Data segment:
▬▬▬▬▬▬▬▬▬▬
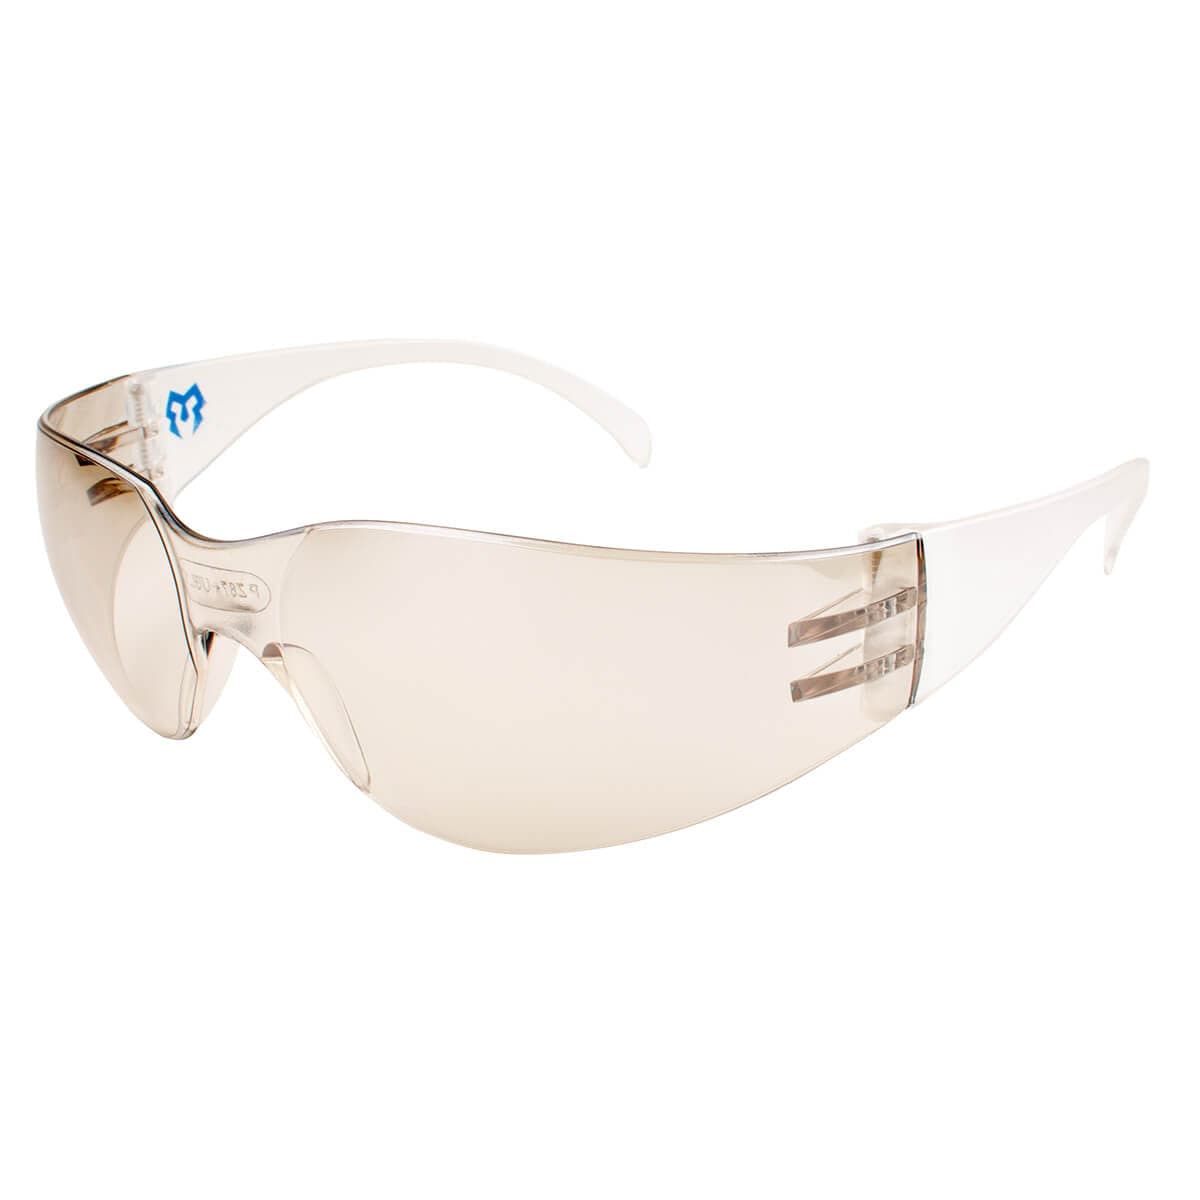 Chief Miller Protective Eyewear METEL M10 Safety Glasses Ultra-lightweight, Economical, Multiple Lens Options Apparel
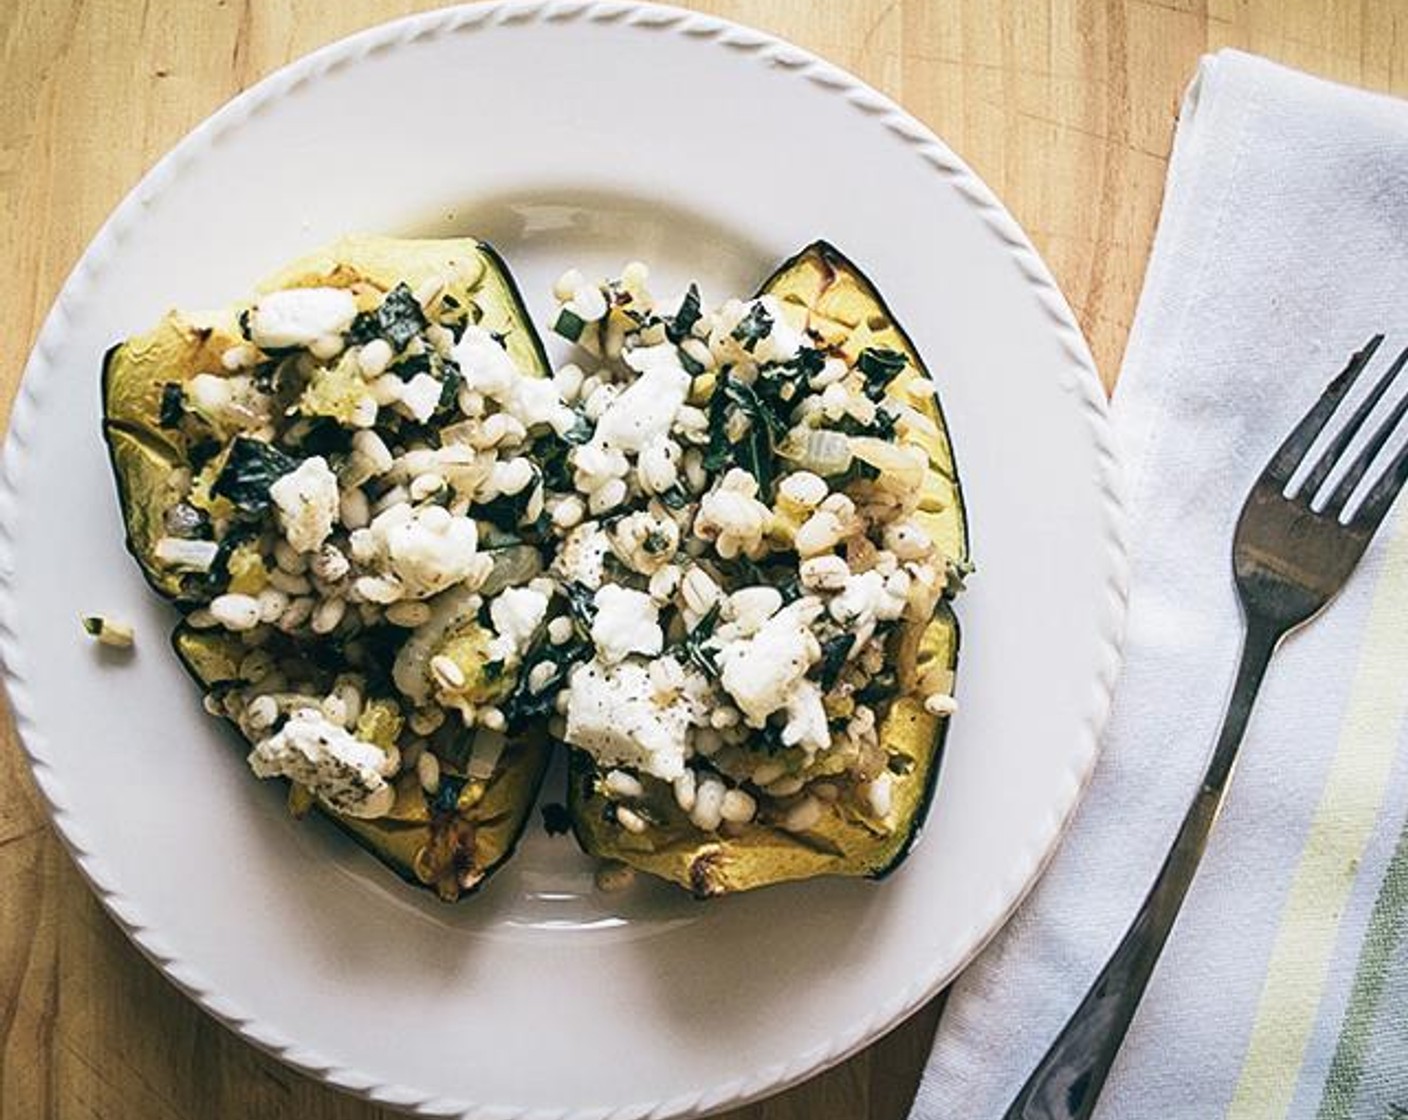 Acorn Squash with Barley and Goat Cheese
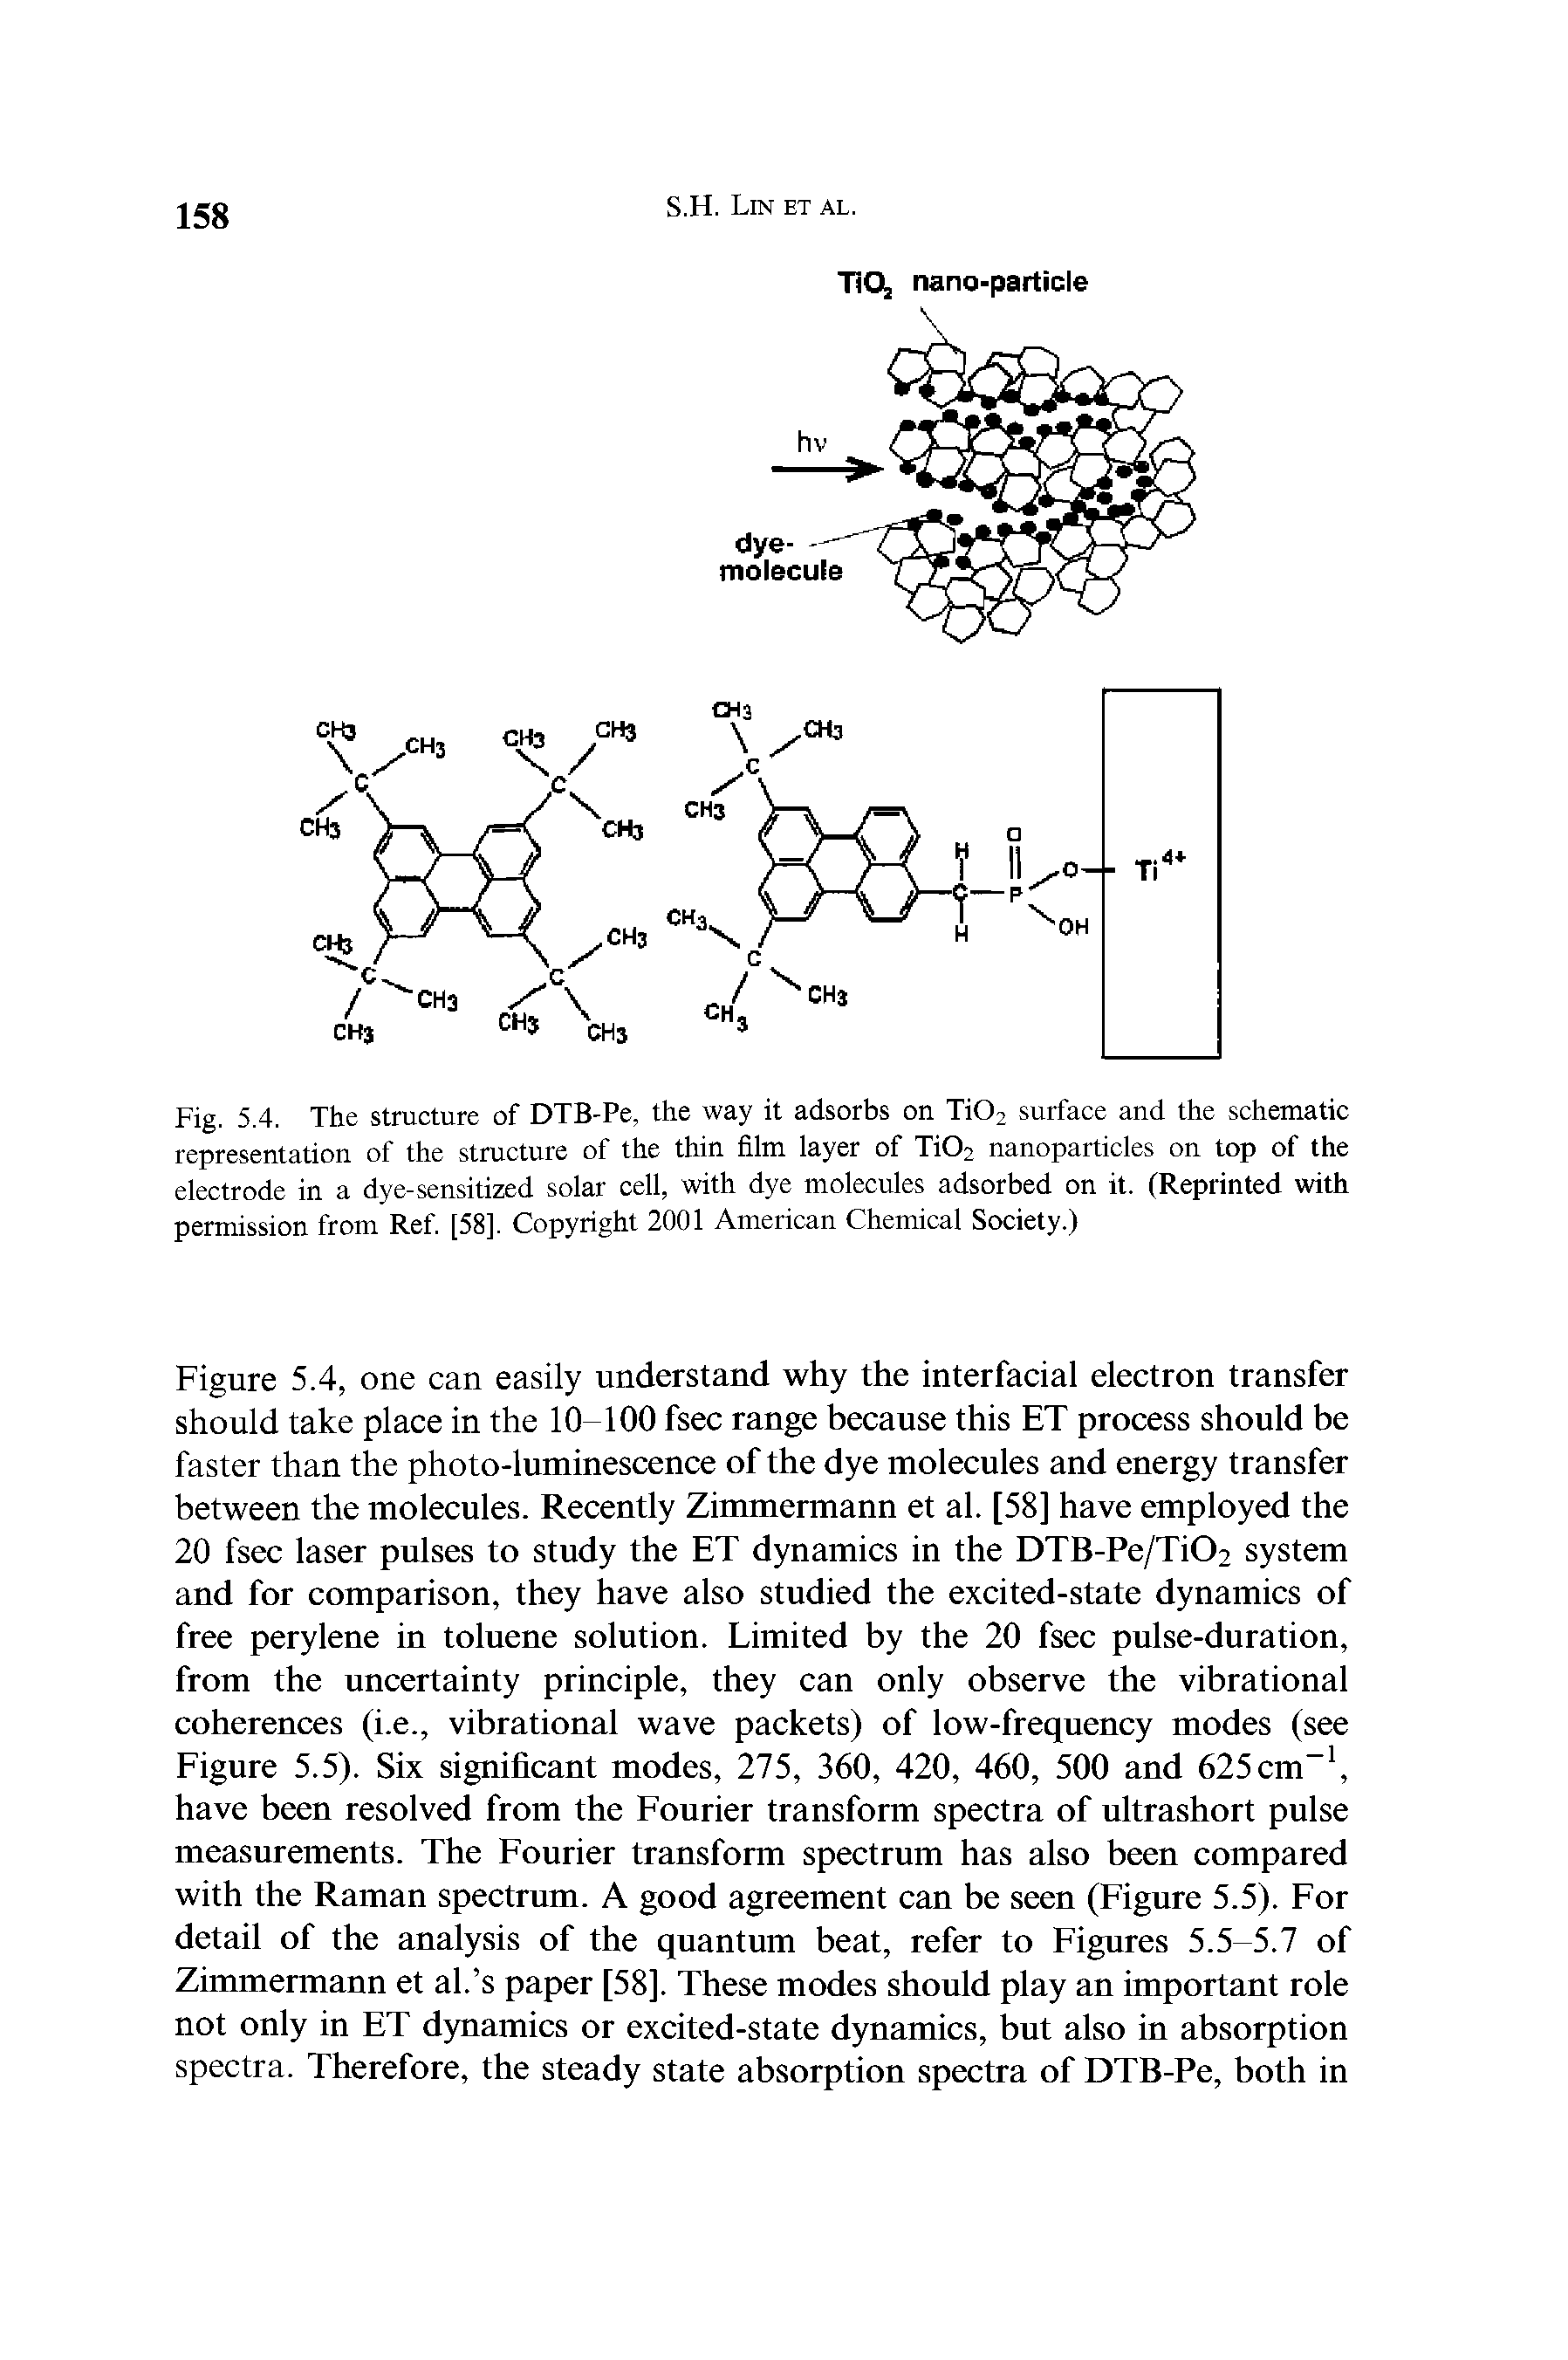 Fig. 5 4. The structure of DTB-Pe, the way it adsorbs on TiOz surface and the schematic representation of the structure of the thin film layer of Ti02 nanoparticles on top of the electrode in a dye-sensitized solar cell, with dye molecules adsorbed on it. (Reprinted with permission from Ref. [58]. Copyright 2001 American Chemical Society.)...
▬▬▬▬▬▬▬▬▬▬
Everything in the material except the pictures should be restated word for word.

 Chief Miller Protective Eyewear METEL M10 Safety Glasses Ultra-lightweight, Economical, Multiple Lens Options Apparel
 Acorn Squash with Barley and Goat Cheese
 Fig. 5 4. The structure of DTB-Pe, the way it adsorbs on TiOz surface and the schematic representation of the structure of the thin film layer of Ti02 nanoparticles on top of the electrode in a dye-sensitized solar cell, with dye molecules adsorbed on it. (Reprinted with permission from Ref. [58]. Copyright 2001 American Chemical Society.)...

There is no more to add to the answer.